Это нравоучение поручика подействовало на чекиста как ушат холодной воды. Он отошел к трапу и больше участия во происходящем не принимал. А мы были удивлены и озадачены.

Поручик тем временем снова повернулся к полковнику Игнатенко.

– Виктор Петрович, надеюсь, я не ошибся: среди здесь собравшихся все русские офицеры?

– Нет, господин поручик, вы не ошиблись, мы все русские офицеры и хотим защищать Россию от напавших на нее германцев. Как сказал Антон Иванович Деникин, во искупления греха Гражданской войны. Мы хотим попасть на Родину вместе с нашими сыновьями… У кого они есть, конечно. Мальчики, понятно, еще не офицеры, и мы считаем их кем-то вроде вольноопределяющихся.

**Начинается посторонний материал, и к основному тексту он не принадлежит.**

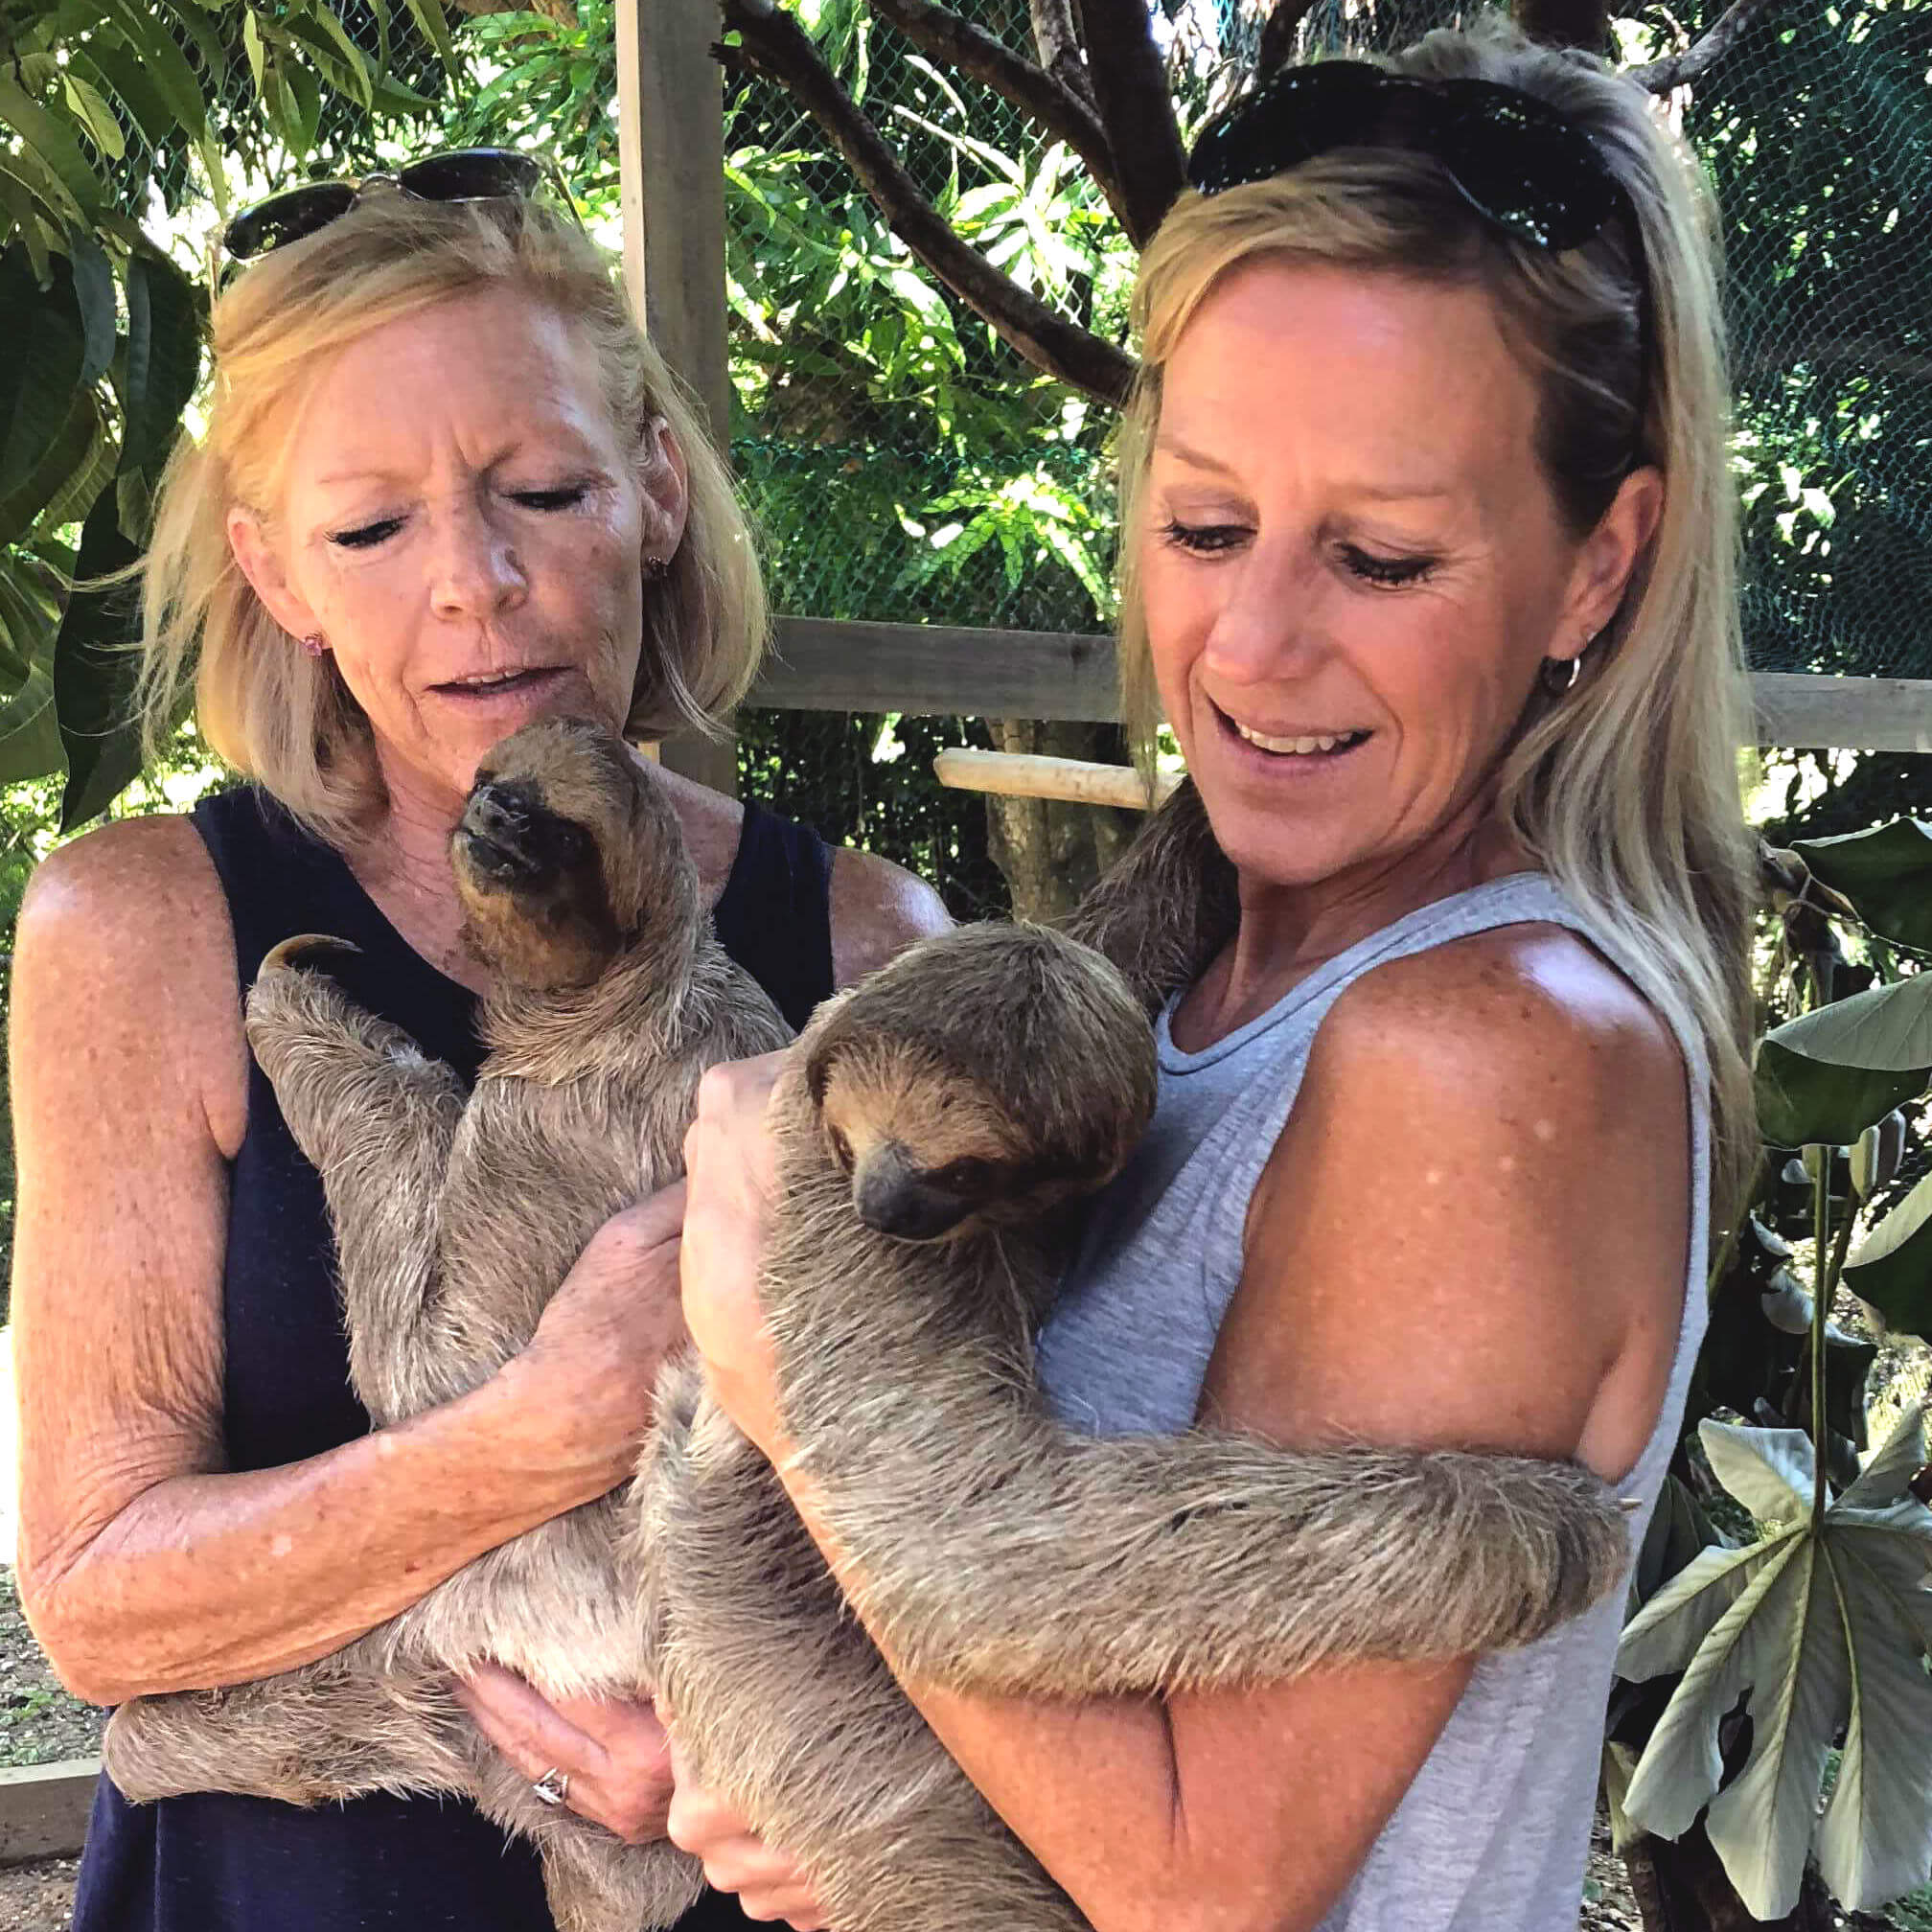 Babette gets some snuggles in with a sloth encounter...

Поручик пробежал взглядом по лицам собравшихся. На некоторых из них отчаянье, упрямство, надежда, наивная решимость «искупить кровью». Видимо, довольный увиденным, он кивнул:

– Хорошо, господин полковник. Скажите, какова ваша конечная точка назначения?

Ответ полковника Игнатенко был коротким, как последняя затяжка сигаретой приговоренного к расстрелу:

– Севастополь!

– Отлично, – кивнул поручик. – В Севастополе вас встретят. Мы предупредим кого нужно. – Он как-то странно прижал ухо к плечу, будто вслушиваясь в нечто, что было внутри него. – Да, так точно. – Потом поручик снова посмотрел на полковника: – Виктор Петрович, на сборном пункте в Севастополе все желающие настоящего дела пусть спросят гвардии майора Тамбовцева. Он вас определит в бригаду генерал-майора Бережного. За сим, господа, позвольте пожелать вам благополучного плавания. Нам пора. И не бойтесь, все будет хорошо.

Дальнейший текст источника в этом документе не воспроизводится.